Ibu mempunyai faktor resiko yaitu umur tua dan riwayat preeklamsia
sebelumnya. Pada pasien ini dikhawatirkan pasien menjadi eklamsia bila tidak
dilakukan penanganan segera. Untuk mencegah terjadinya kejang diberikan
MgSO4 40%, dimana obat ini mempunyai efek mengurangi kepekaan saraf pusat
pada hubungan neuromuskular. Obat ini menyebabkan vasodilatasi, meningkatkan
diuresis dan menambah aliran darah ke uterus. Diberikan drips MgSO4 40% 4
gram dalam NaCl 100 cc 73 tpm dalam 30 menit selanjutnya maintanence infus
MgSO4 40% 6 gram dalam RL 500 cc 28 tpm sehingga 24 jam post operasi.
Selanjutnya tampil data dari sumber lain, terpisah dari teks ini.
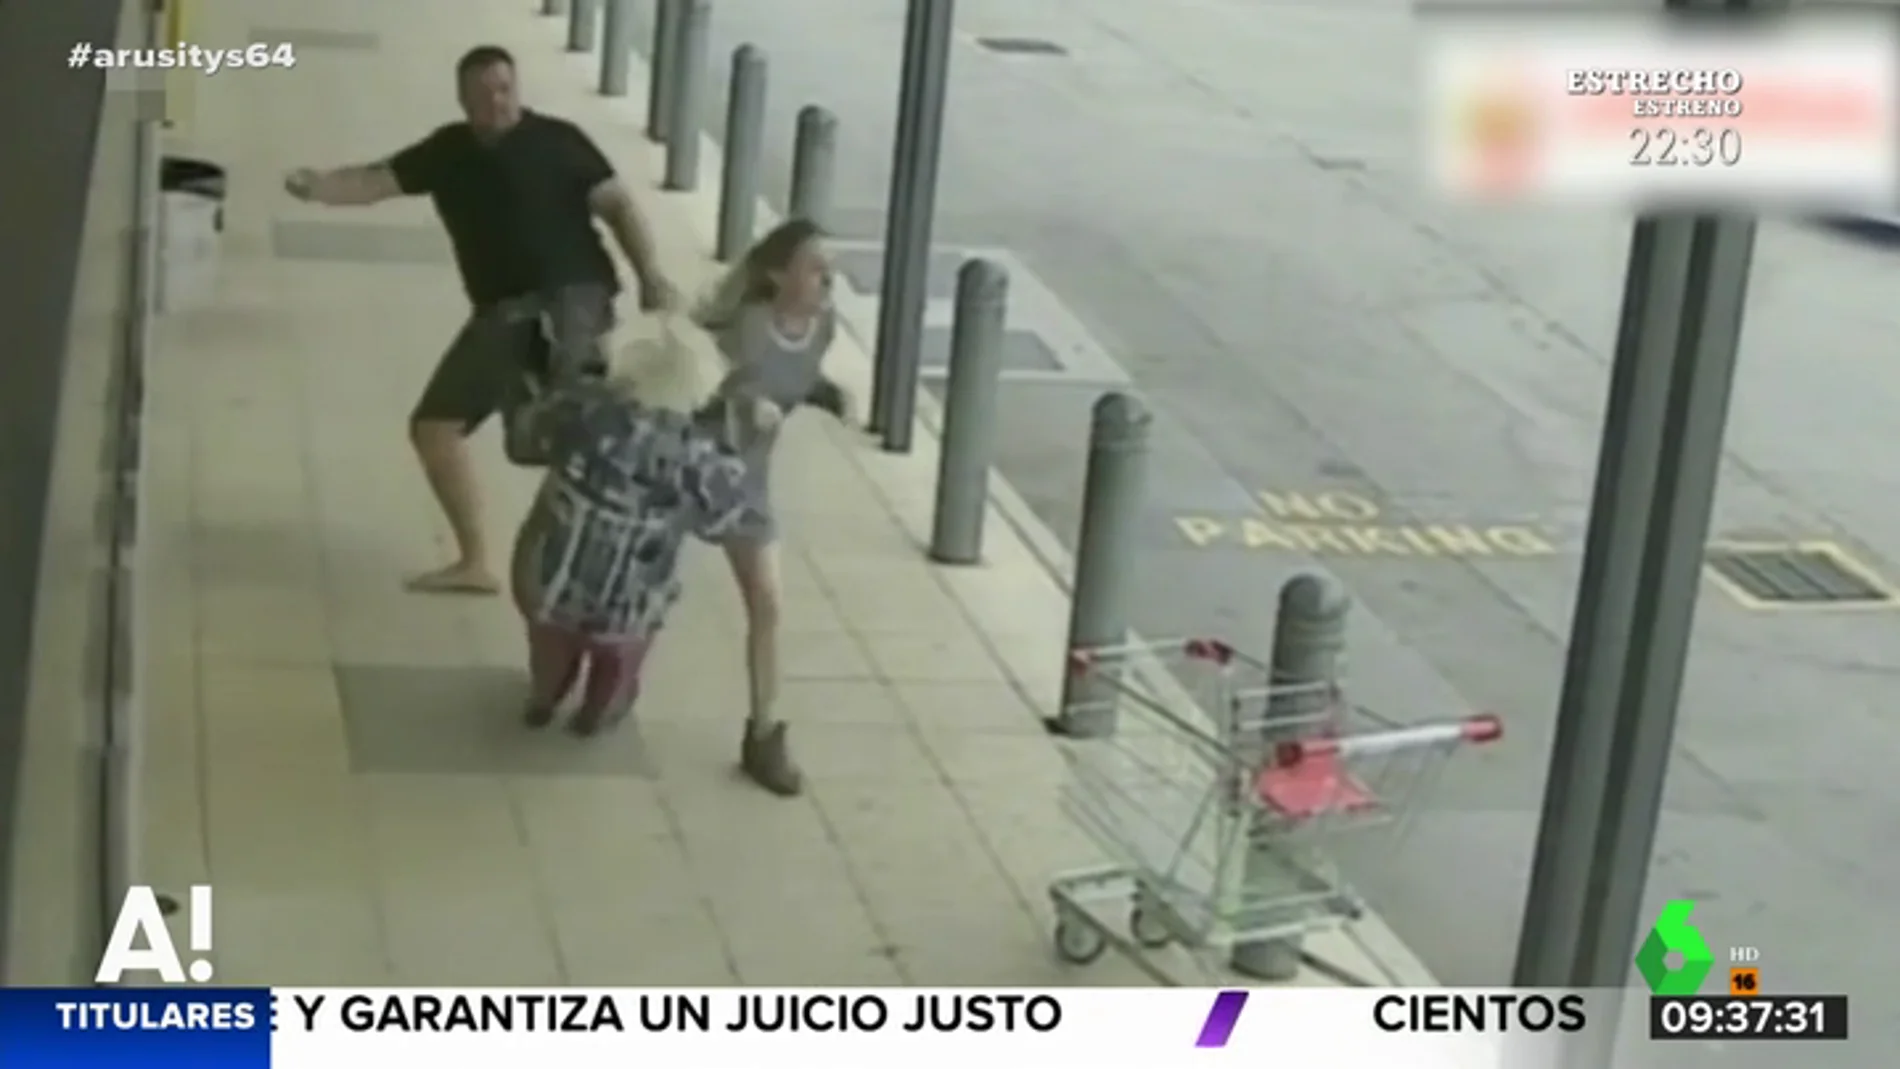 Una anciana cae al suelo después de que un esquizofrénico le diera un patada voladora a su nieta

Obat antihipertensi diberikan untuk menurunkan tekanan darah supaya
kemungkinan kejang dan apopleksia serebri menjadi kecil. Pasien diberikan
nifedipin 3 x 10 mg per oral. Dilakukan pemasangan infus dan kateter, serta
observasi tanda-tanda impending eklamsia. Pemasangan kateter adalah untuk
mengobservasi produksi urin setelah dilakukan pemberian MgSO4 40% dimana
antara syarat pemberian MgSO4 adalah produksi urin >30 ml/jam. Selanjutnya,
pasien direncanakan cito SSTP untuk persalinannya karena didapatkan tandatanda impending eclampsia.